• **Stored data**
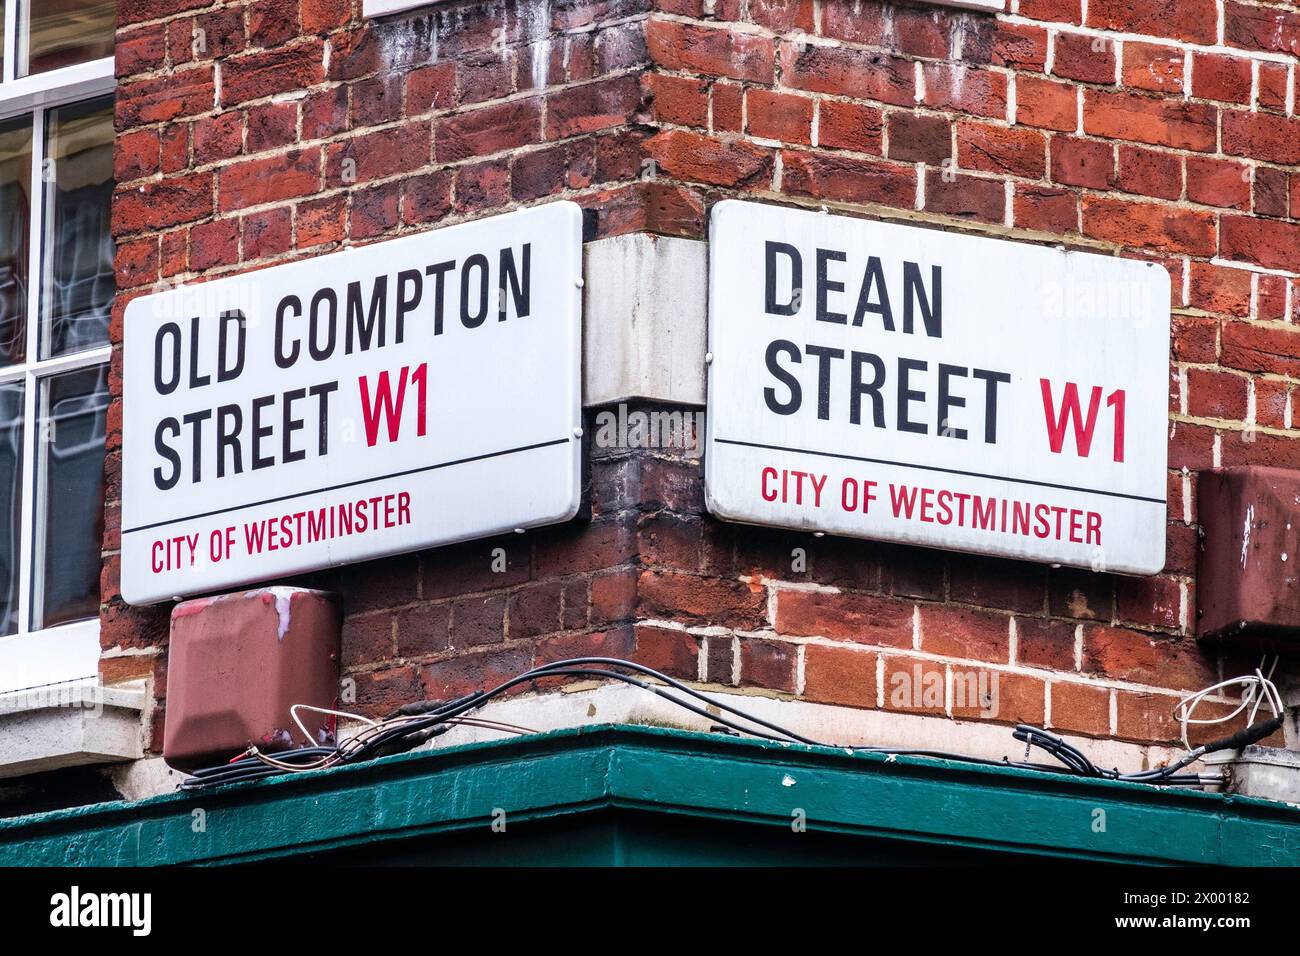 Indicazioni stradali per London: Old Compton Street W1 e Dean Street W1 Foto Stock
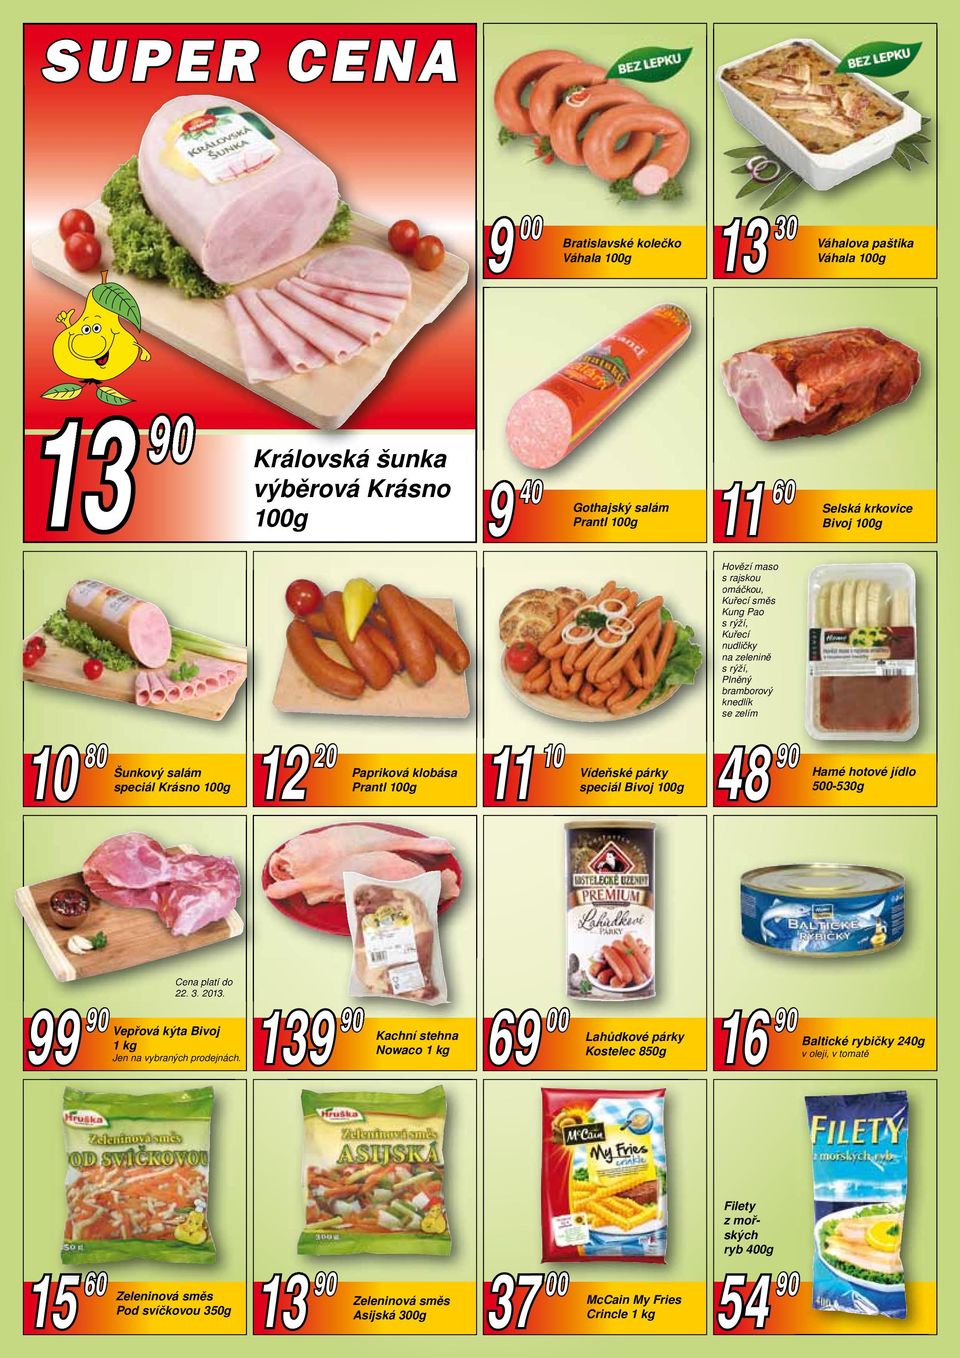 11 10 Vídeňské párky speciál Bivoj 100g 48 90 Hamé hotové jídlo 500-530g Cena platí do 22. 3. 2013. 9 Vepřová kýta Bivoj 1 kg Jen na vybraných prodejnách.
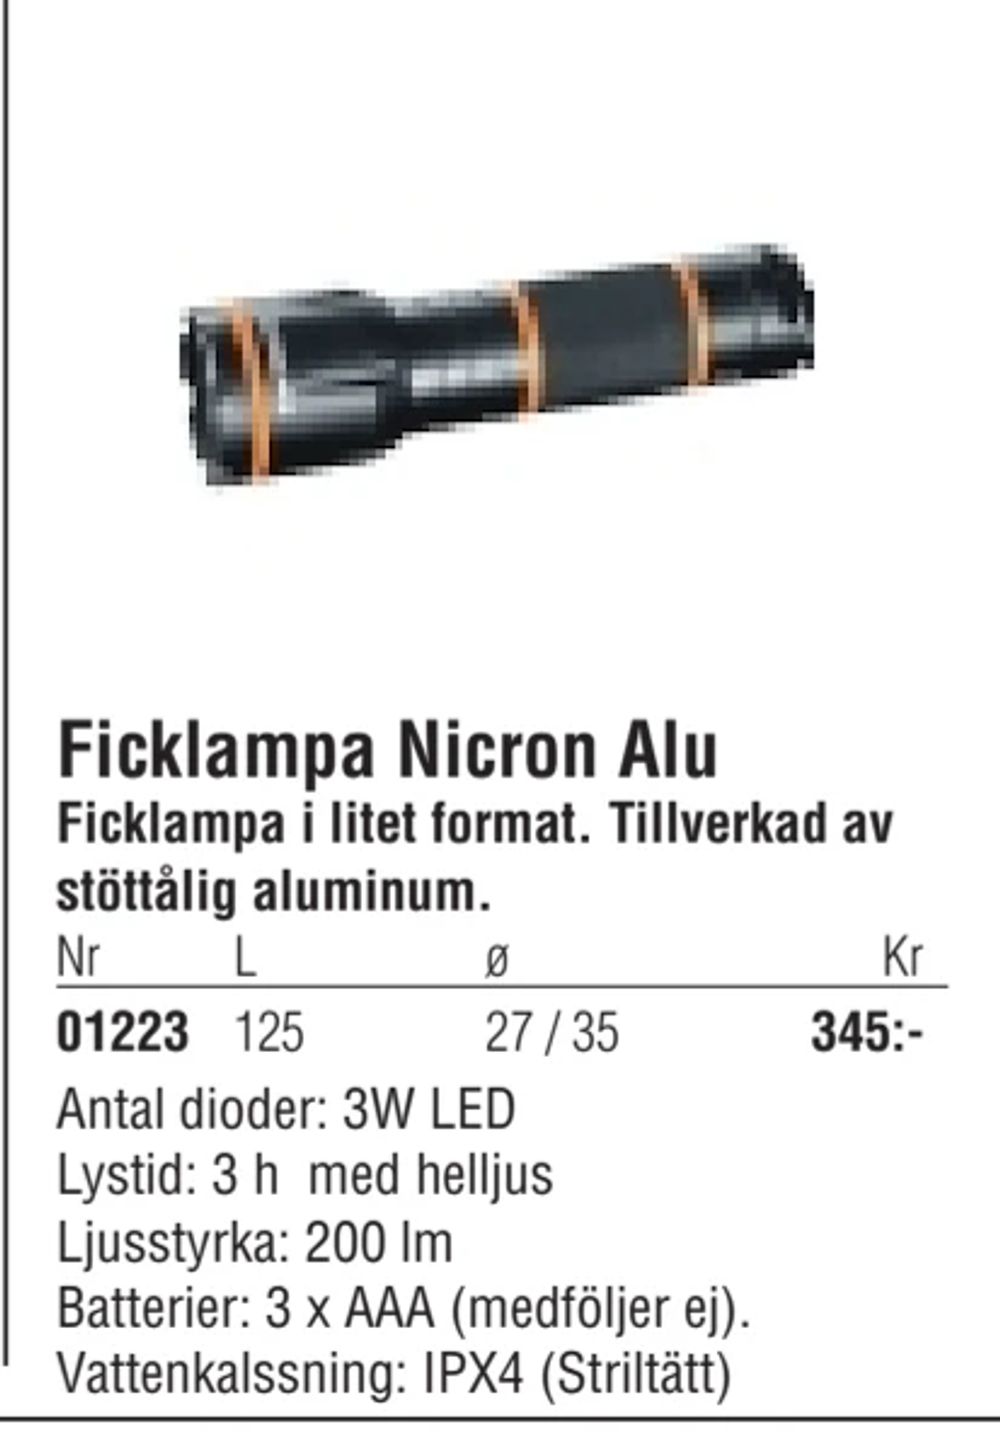 Erbjudanden på Ficklampa Nicron Alu från Erlandsons Brygga för 345 kr

• **What you will do**
Reproduce the listing above exactly, but skip the pictures.

• **Written solution**
 Indicazioni stradali per London: Old Compton Street W1 e Dean Street W1 Foto Stock
 11 10 Vídeňské párky speciál Bivoj 100g 48 90 Hamé hotové jídlo 500-530g Cena platí do 22. 3. 2013. 9 Vepřová kýta Bivoj 1 kg Jen na vybraných prodejnách.
 Erbjudanden på Ficklampa Nicron Alu från Erlandsons Brygga för 345 kr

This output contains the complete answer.